So you've assembled the parts for a renewable energy project, you've got you're method of generation, you've got your storage (possibly) and you've got various bits of electrical kit between the source of electrical power and the point of use.
You've got to join them all up somehow!
The conventional method is to connect them using copper cables of a thickness depending on the power to be transmitted. To help with the principal behind this, think of electrical current as a flow of water. You can get a greater flow of water from a large pipe than a small pipe, and the same is true of electrical cable and electrical current.

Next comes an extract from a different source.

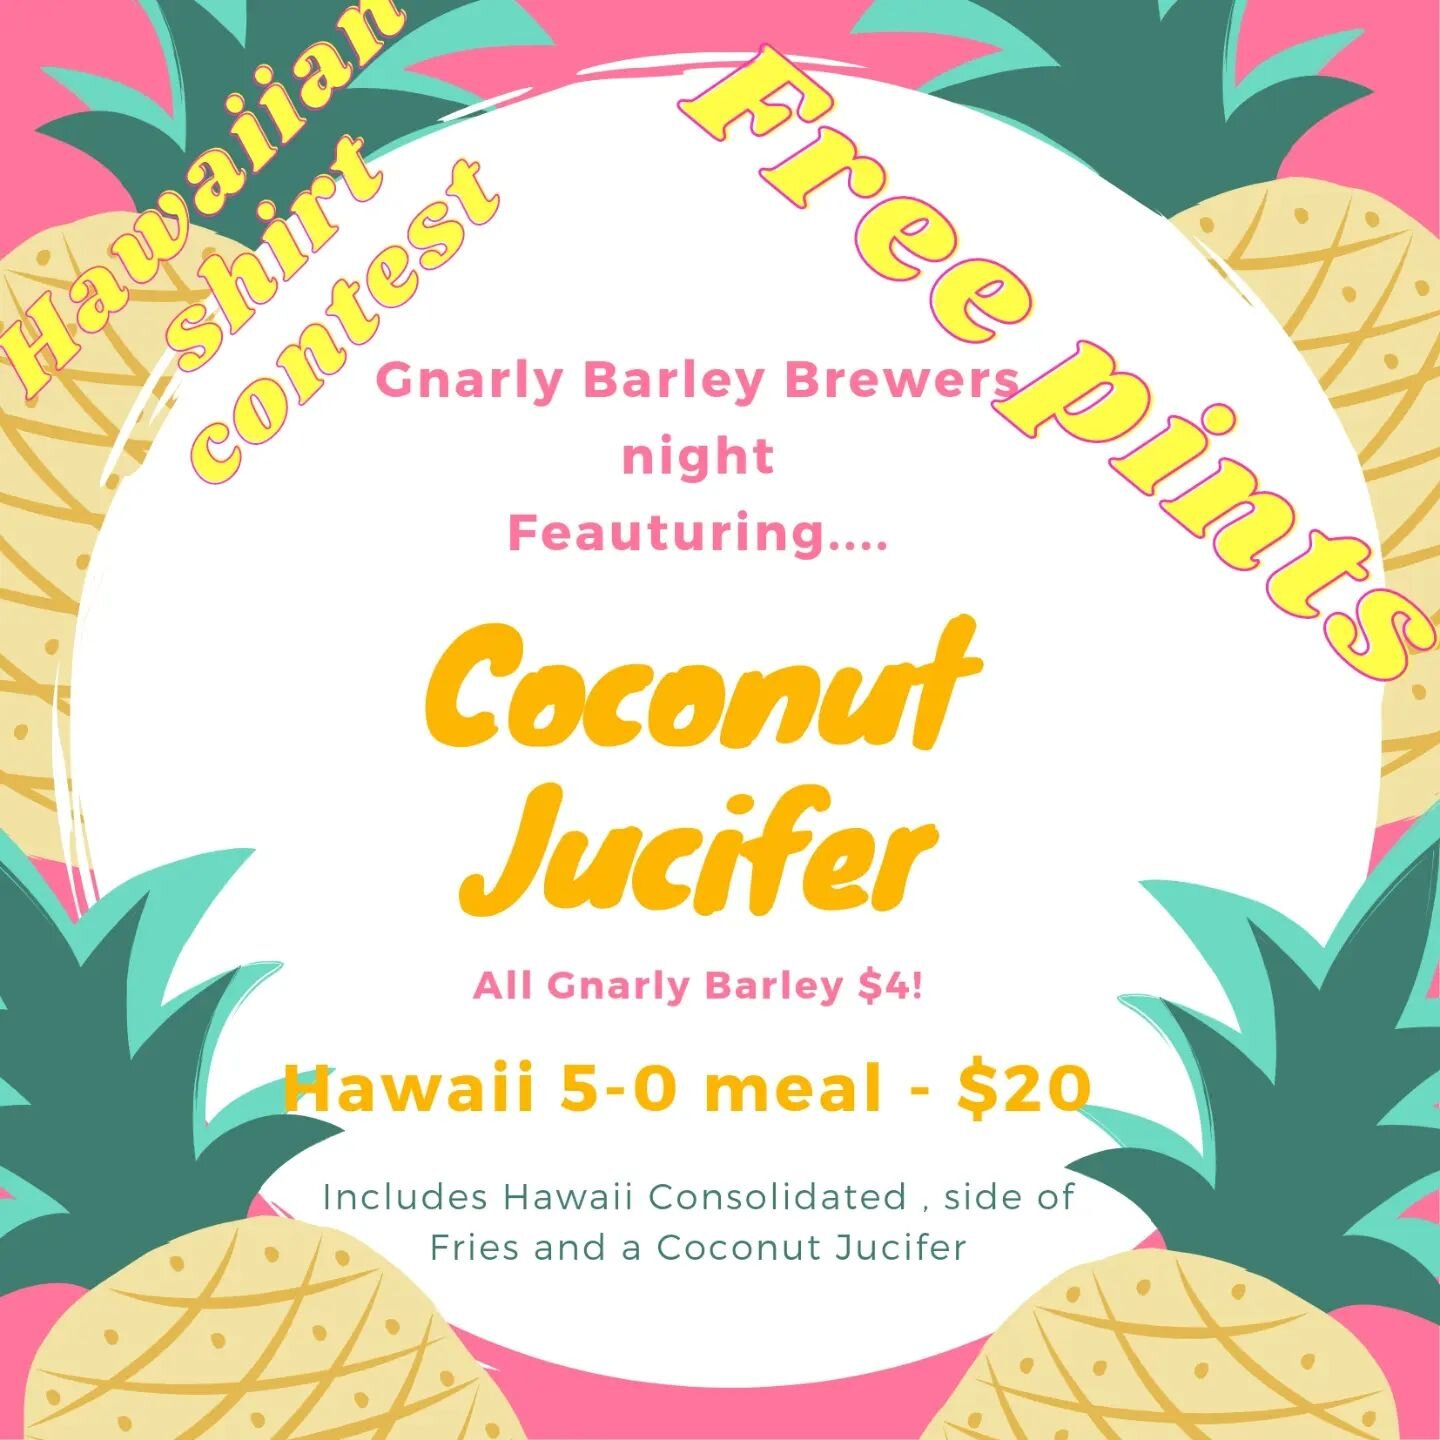 See y'all 5pm-9pm! With @gnarlybarley

#junction #bywater #gnarlybarley #burgers #craftbeer #jucifer #scratchkitchen #brewersnight #nola #frenchquarter #whattodo #foodnearme #showmeyournola #nolastyle #nolaeats #nolafoodies #drinkingnola

The other two concepts to get to grips with are power and volt drop. Put simply power in 'Watts' can be calculated by multiplying the current in 'Amps' by the voltage in 'Volts'. For a very low voltage DC system it would be as follows:
12v x 10A = 120W
The voltage drop is dependent on the length of the cable (and a few other factors beyond our scope here today) simply put it is calculated as (volt drop per meter x length x current)
Back to the script - as it were, let's size a cable!
For our 120W load we know that we need a cable that will take 10A. We should always add a safety margin of 10% so our figure is 11A. All you need to do, is either look at the tables in BS7671 or cable manufacturers data to find the current that your chosen cable can handle.
1mm cross sectional area cable has a current carrying capacity of 14.5 A (multicore insulated, non armoured, copper conductor) so theoretically we could use this.
But what about volt drop?
Obviously we would like the voltage at the end of the wire to be a close as possible to the voltage that we started out with!
From the same set of tables we can find the volt drop for this particular cable is 46mV(mV = millivolts) per Amp per meter. Lets say that we have a 20m run...
20 x 10A x 46 = 9,200 But WAIT!!!!!!
Remember the volt drop figure is in millivolts so we now divide 9,200 by 1,000 to get Volts
Our voltage drop is 9.2V meaning that you start off with 12V and end up with 2.8V!
We now have two options, raise the voltage but lower the current (This keeps the power the same)
600V x 0.2A = 120W
Or get a bigger cable, but what size should it be?
Back to the tables....
50mm multicore copper cable has a volt drop of 0.98mV per meter per Amp
20 x 10A x 0.98 = 196
196/1000 = 0.196V
Using 50mm cable we start with 12V and we end up with 11.804V
Just to put that in perspective the cable is now 50 times larger than we started with, the moral of the story is keep the voltage as high as you can, and the distances as low as possible to minimise losses in the cable.